Without including any pictures, write out the data below exactly.

* _Data_
Start of Block

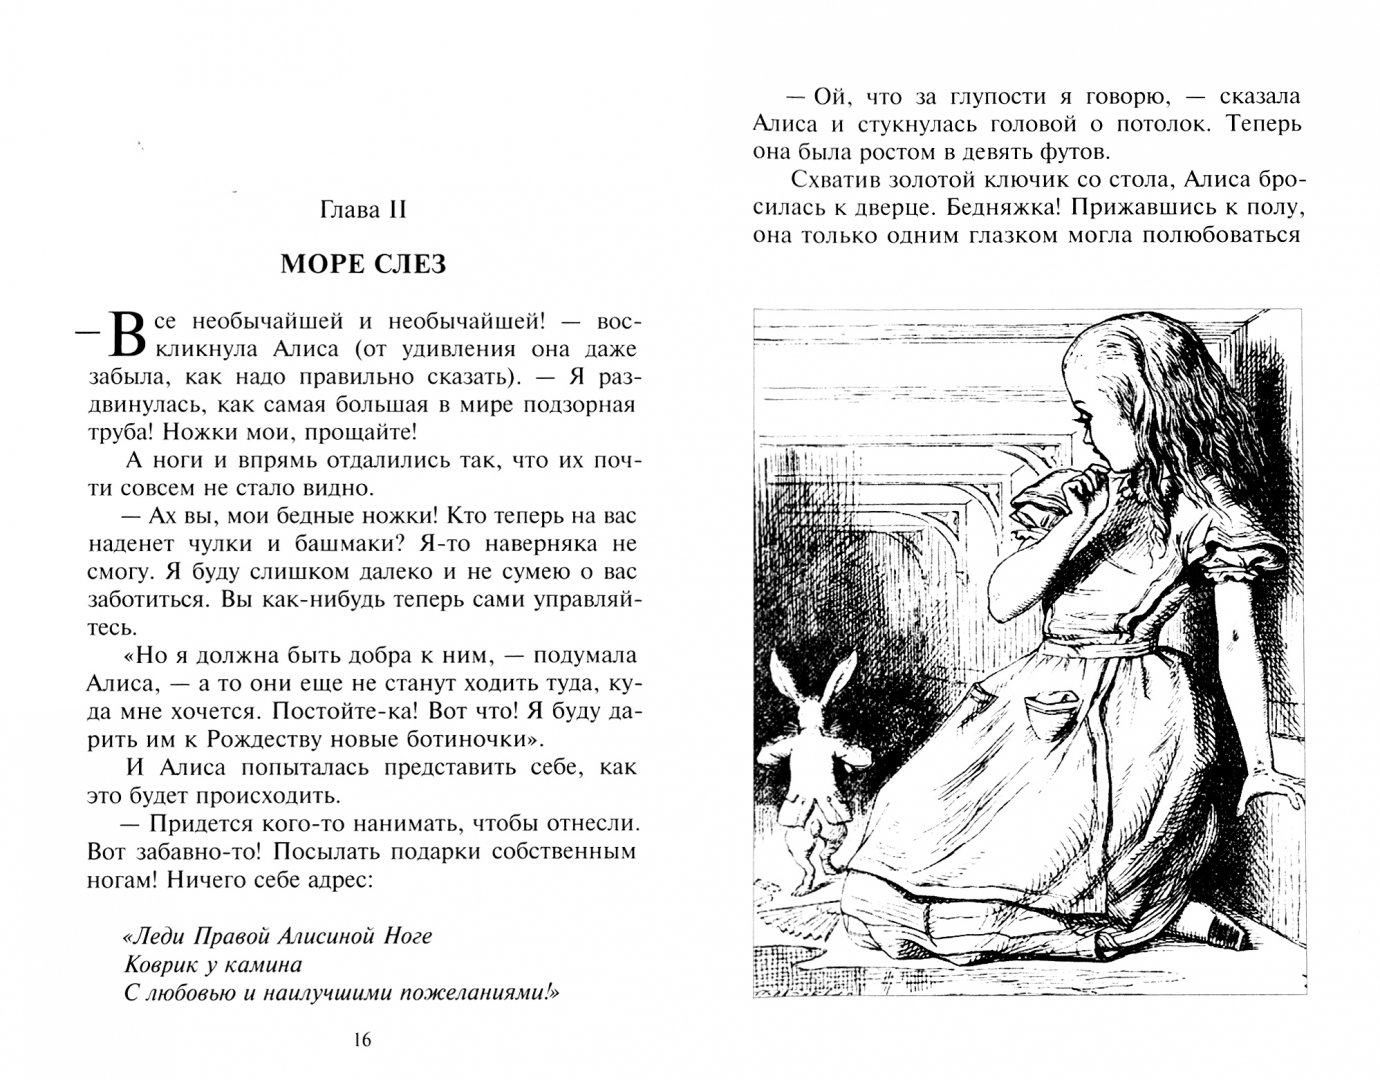 Алиса в стране чудес первая глава. Алиса в стране чудес страницы из книги. Алиса в стране чудес отрывок из книги. Кэрролл Льюис "Алиса в стране чудес". Читать Алиса в стране чудес на русском первая глава.
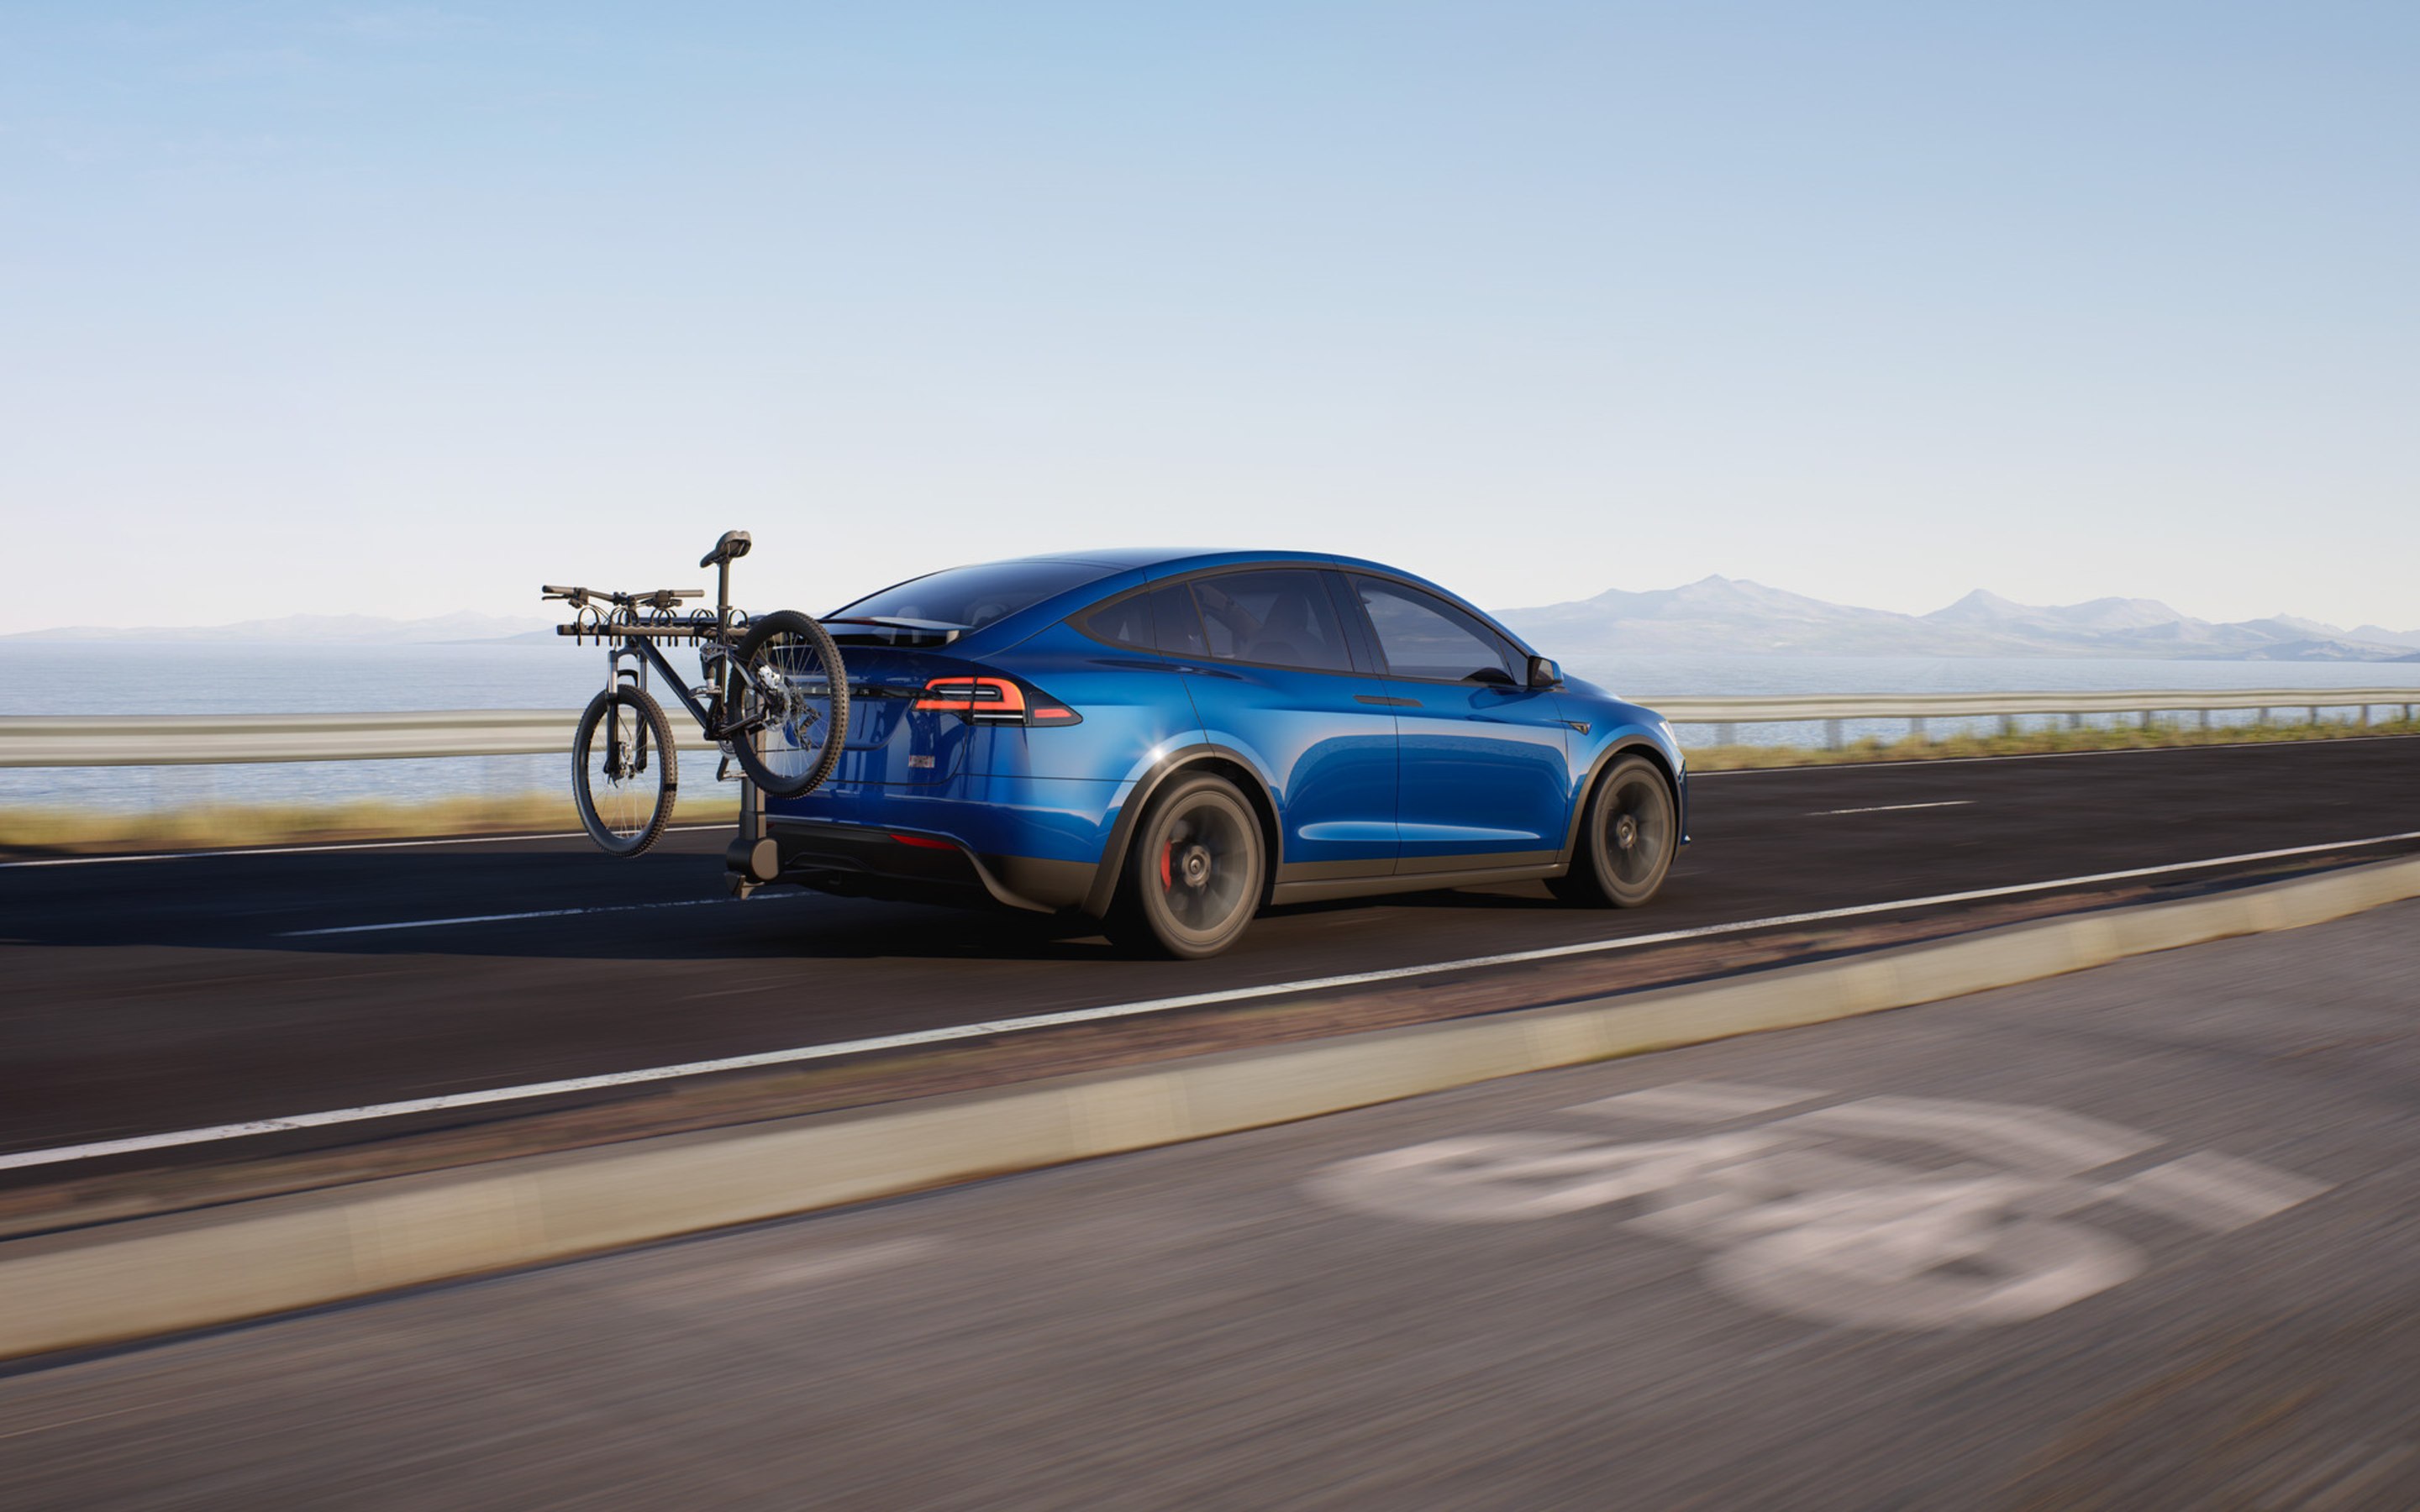 Blå Model X Plaid set bagfra, der kommer kørende på en landevej med en cykel monteret på et cykelstativ
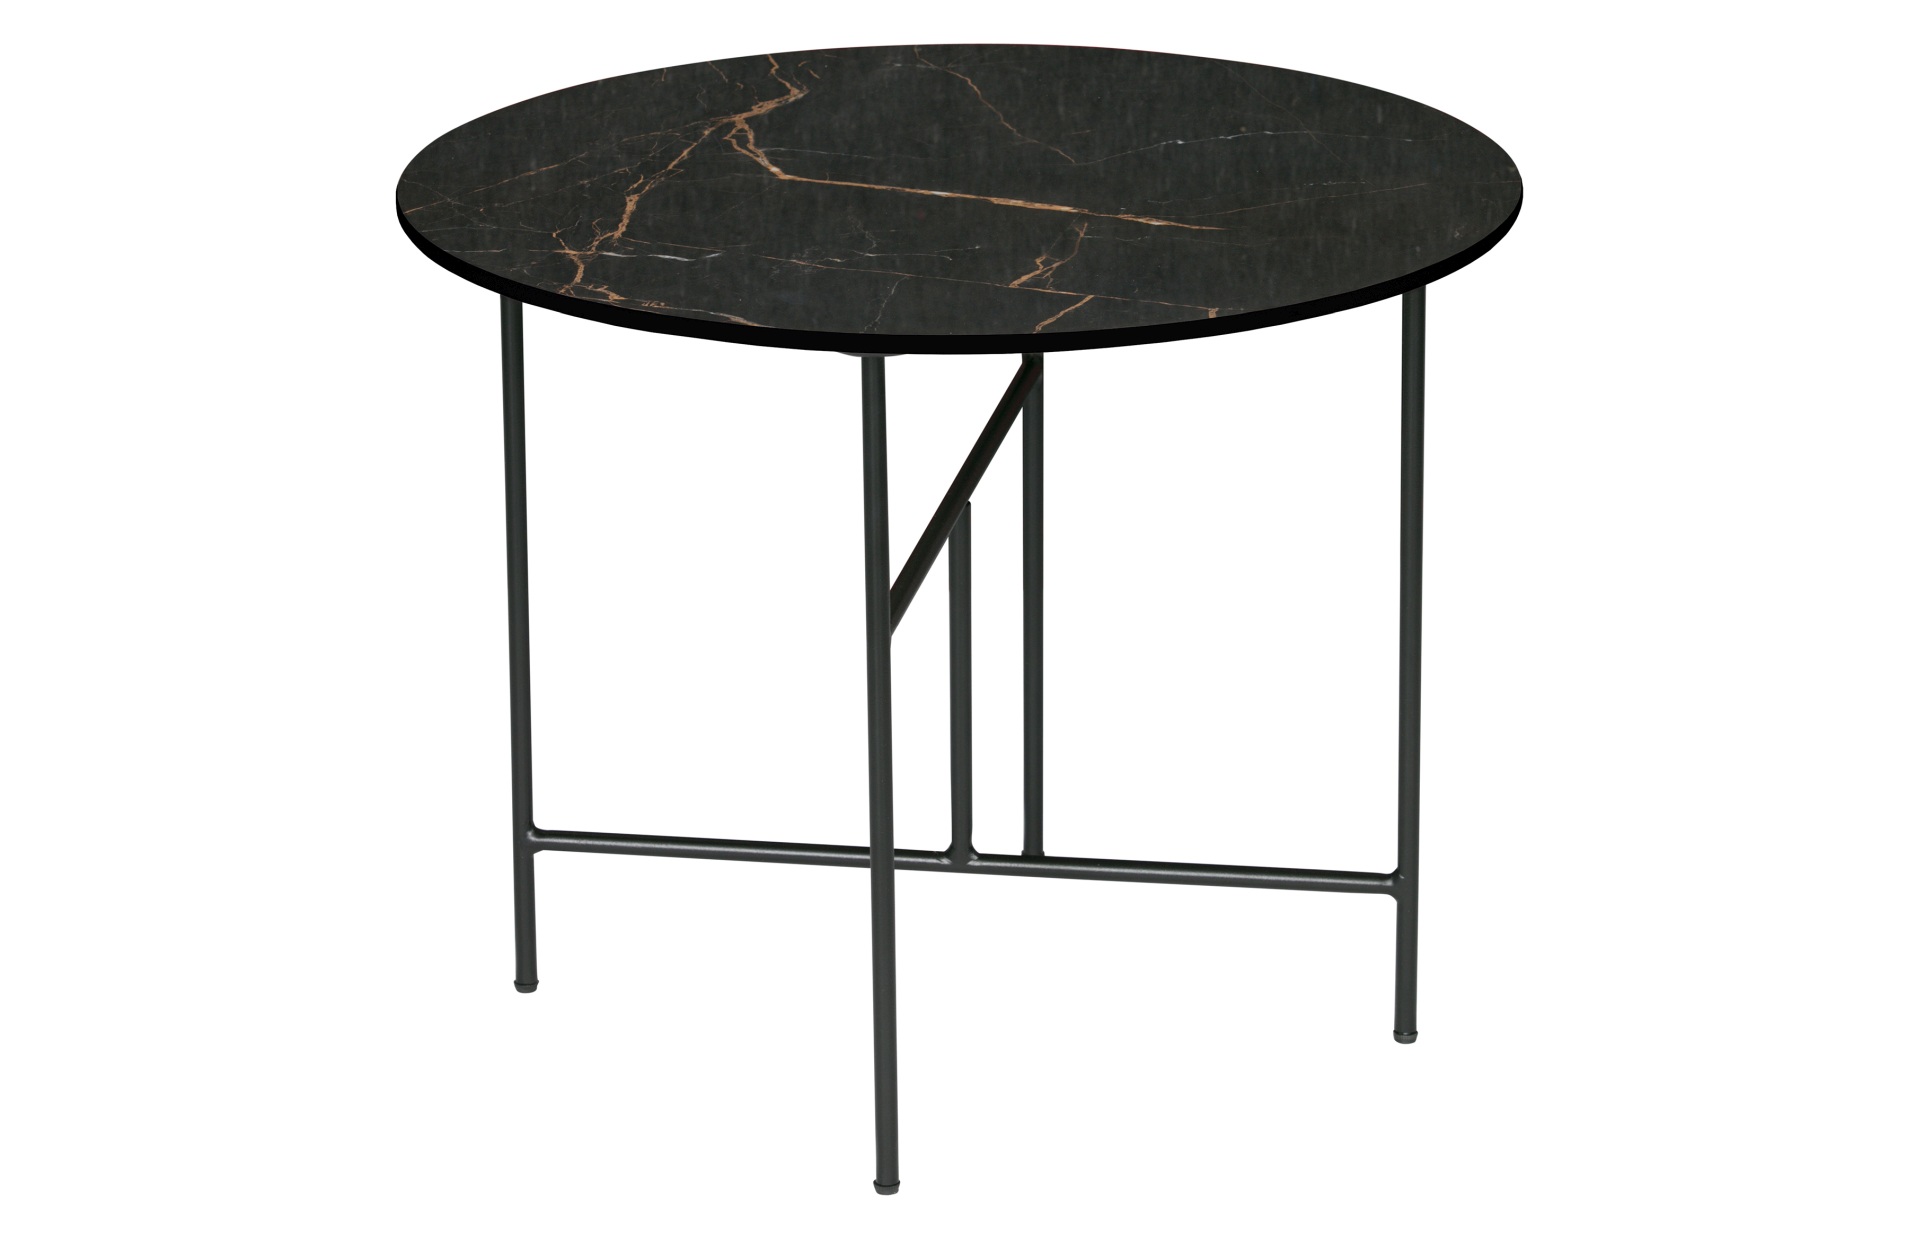 Der Couchtisch Vida überzeugt mit seinem modernen Design. Das Gestell wurde aus Metall gefertigt und hat einne schwarzen Farbton. Die Tischplatte ist aus Porzellan und hat eine Marmoroptik.

End of Block

* _Reply to the task_
 Алиса в стране чудес первая глава. Алиса в стране чудес страницы из книги. Алиса в стране чудес отрывок из книги. Кэрролл Льюис "Алиса в стране чудес". Читать Алиса в стране чудес на русском первая глава.
 Blå Model X Plaid set bagfra, der kommer kørende på en landevej med en cykel monteret på et cykelstativ
 Der Couchtisch Vida überzeugt mit seinem modernen Design. Das Gestell wurde aus Metall gefertigt und hat einne schwarzen Farbton. Die Tischplatte ist aus Porzellan und hat eine Marmoroptik.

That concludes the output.